Si tratta di una scoperta significativa, perché ad oggi le bioplastiche rigide rappresentano una delle sfide più complesse nella transizione verso materiali sostenibili. I biopolimeri attualmente presenti sul mercato sono infatti spesso meno robusti, difficili da lavorare e poco competitivi rispetto ai derivati del petrolio.
Bambù: un materiale forte, riciclabile e biodegradabile
Il processo sperimentato da Zhao parte da un elemento tanto semplice quanto promettente: il bambù, una pianta a crescita rapidissima e rinnovabile. La cellulosa viene prima scomposta utilizzando cloruro di zinco e un acido, per poi essere fatta reagire con etanolo: da questa trasformazione nasce una plastica rigida, modellabile con tecniche industriali comuni come lo stampaggio a iniezione.

I risultati sono sorprendenti: la nuova bioplastica mostra una resistenza paragonabile alle plastiche ingegneristiche impiegate nelle costruzioni e nei veicoli. Inoltre può essere completamente riciclata mantenendo fino al 90% delle prestazioni originarie. Sul fronte ambientale, i ricercatori affermano che si biodegrada in circa 50 giorni una volta interrata, riducendo drasticamente il suo impatto rispetto alle plastiche convenzionali che persistono per secoli.
Perché questa innovazione conta davvero?
Le plastiche rigide sono tra i rifiuti più inquinanti e difficili da gestire: non si degradano, si accumulano nelle discariche e spesso finiscono negli oceani, dove minacciano la fauna marina. Per questo sostituire anche solo una parte di questi materiali con bioplastiche funzionali potrebbe rappresentare un cambio di paradigma per l’economia circolare.

Resta un limite da considerare: la nuova bioplastica non è adatta agli usi più flessibili e non può competere, almeno per ora, con prodotti come polietilene e polipropilene, molto diffusi negli imballaggi. Ma secondo gli esperti, potrebbe comunque ridurre la dipendenza da alcune delle plastiche più difficili da rimpiazzare.

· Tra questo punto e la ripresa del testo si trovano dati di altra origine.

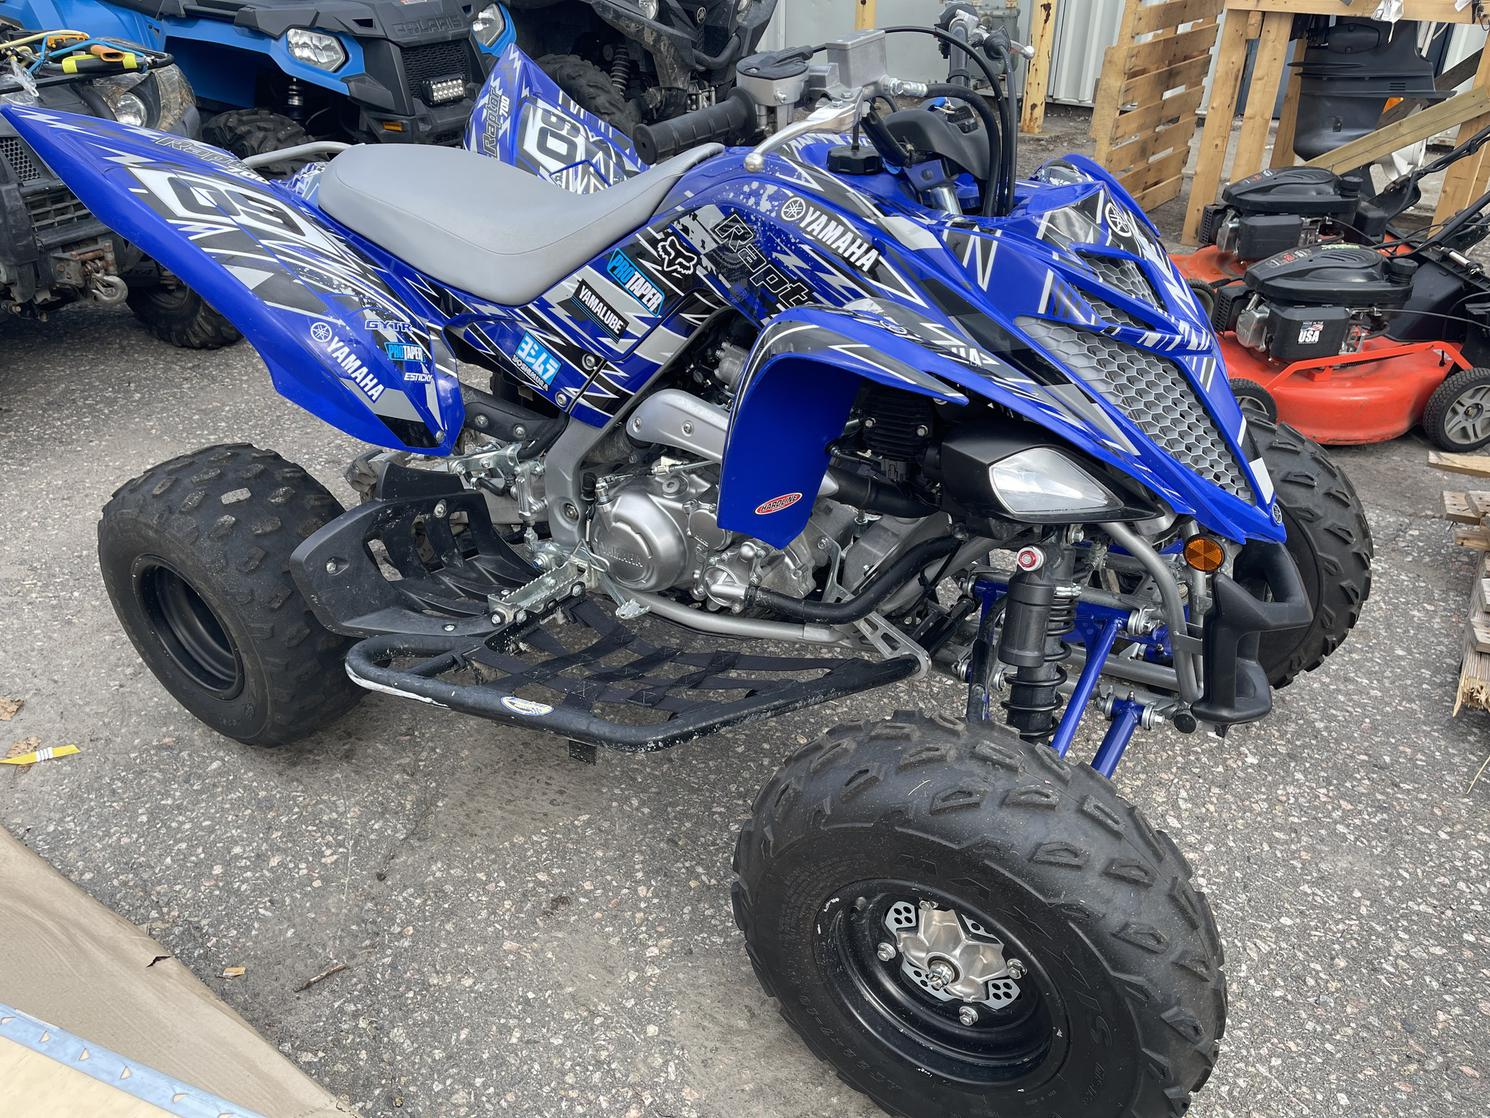 Yamaha Raptor 700 R - YF70RXLL 2020
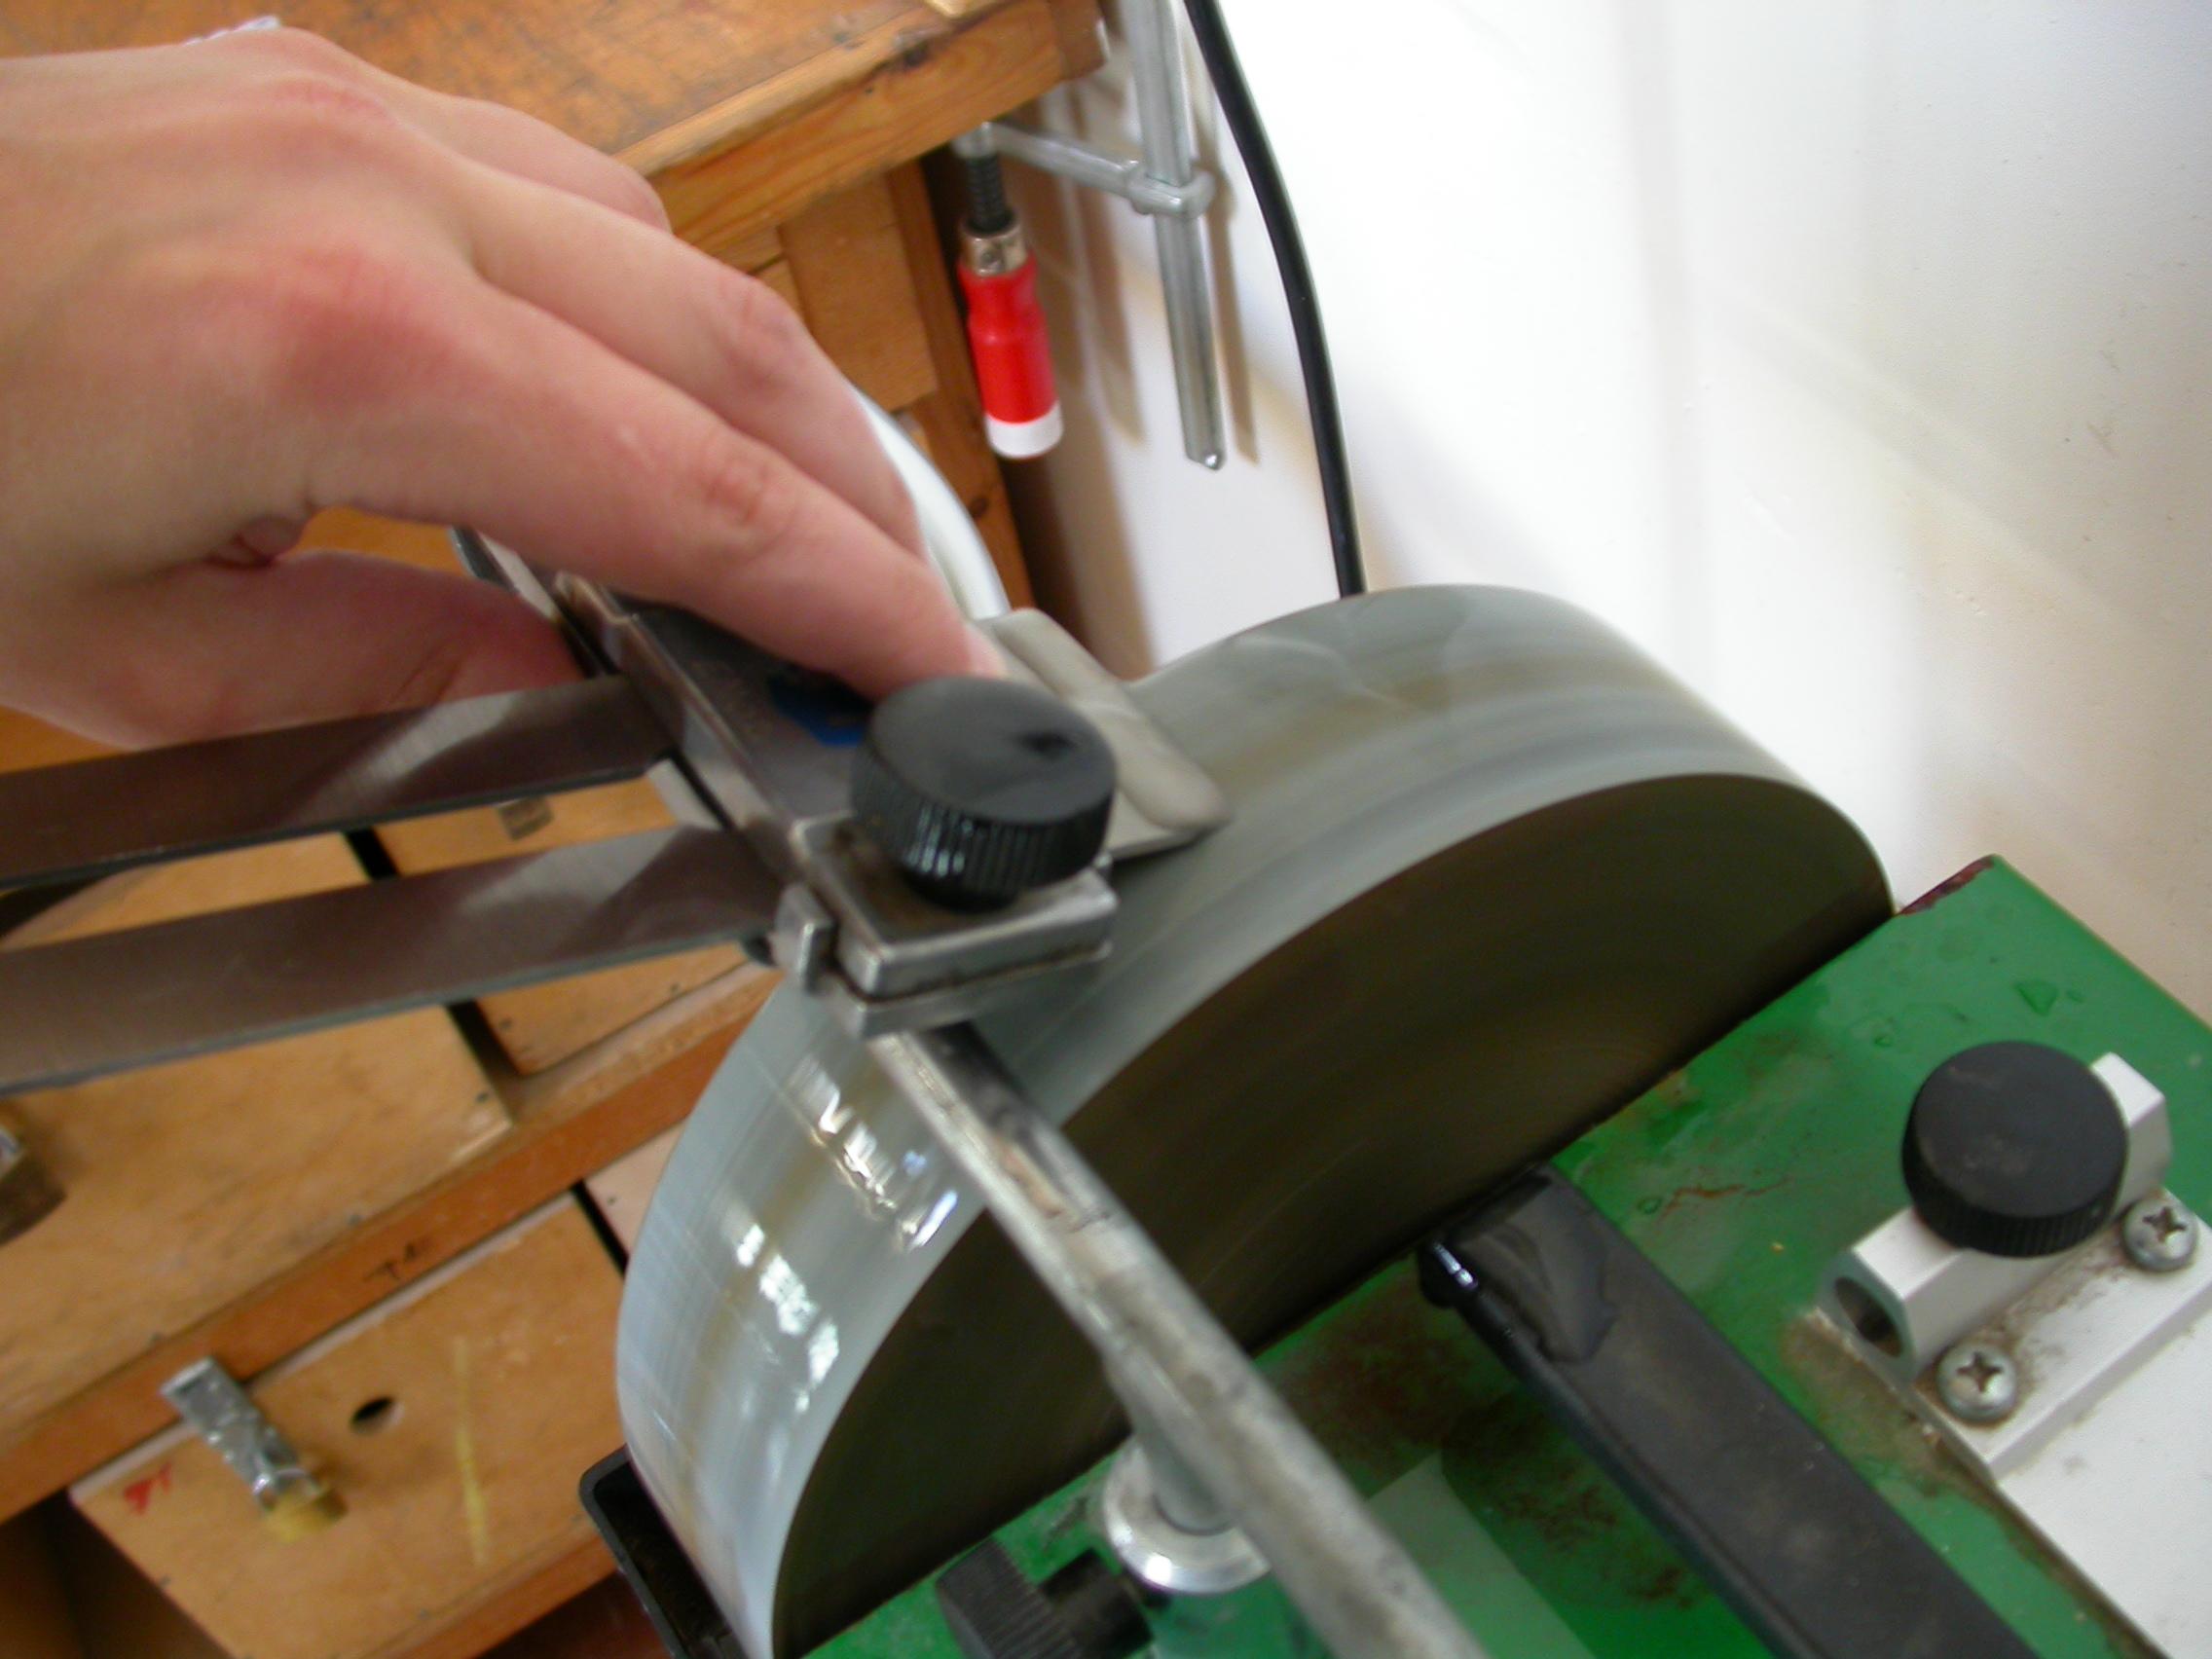 paul sharpening scour sharpen filing polishing tools handiwork

Dalla ricerca alla produzione: la sfida che resta
Per arrivare al mercato serviranno ulteriori investimenti e test su larga scala. La materia prima, però, è abbondante e sostenibile: il bambù cresce senza richiedere particolari risorse e oggi è utilizzato soprattutto in ambito artigianale. Una rivoluzione industriale basata su questo materiale potrebbe trasformare un’eccellenza naturale già conosciuta in molte culture asiatiche in una risorsa chiave per la decarbonizzazione del settore plastico.
Se confermata e sviluppata, questa tecnologia potrebbe aprire la strada a una nuova generazione di materiali: forti come le plastiche fossili, ma alleati della natura. Una soluzione che non sostituisce tutto, ma che potrebbe cambiare molto.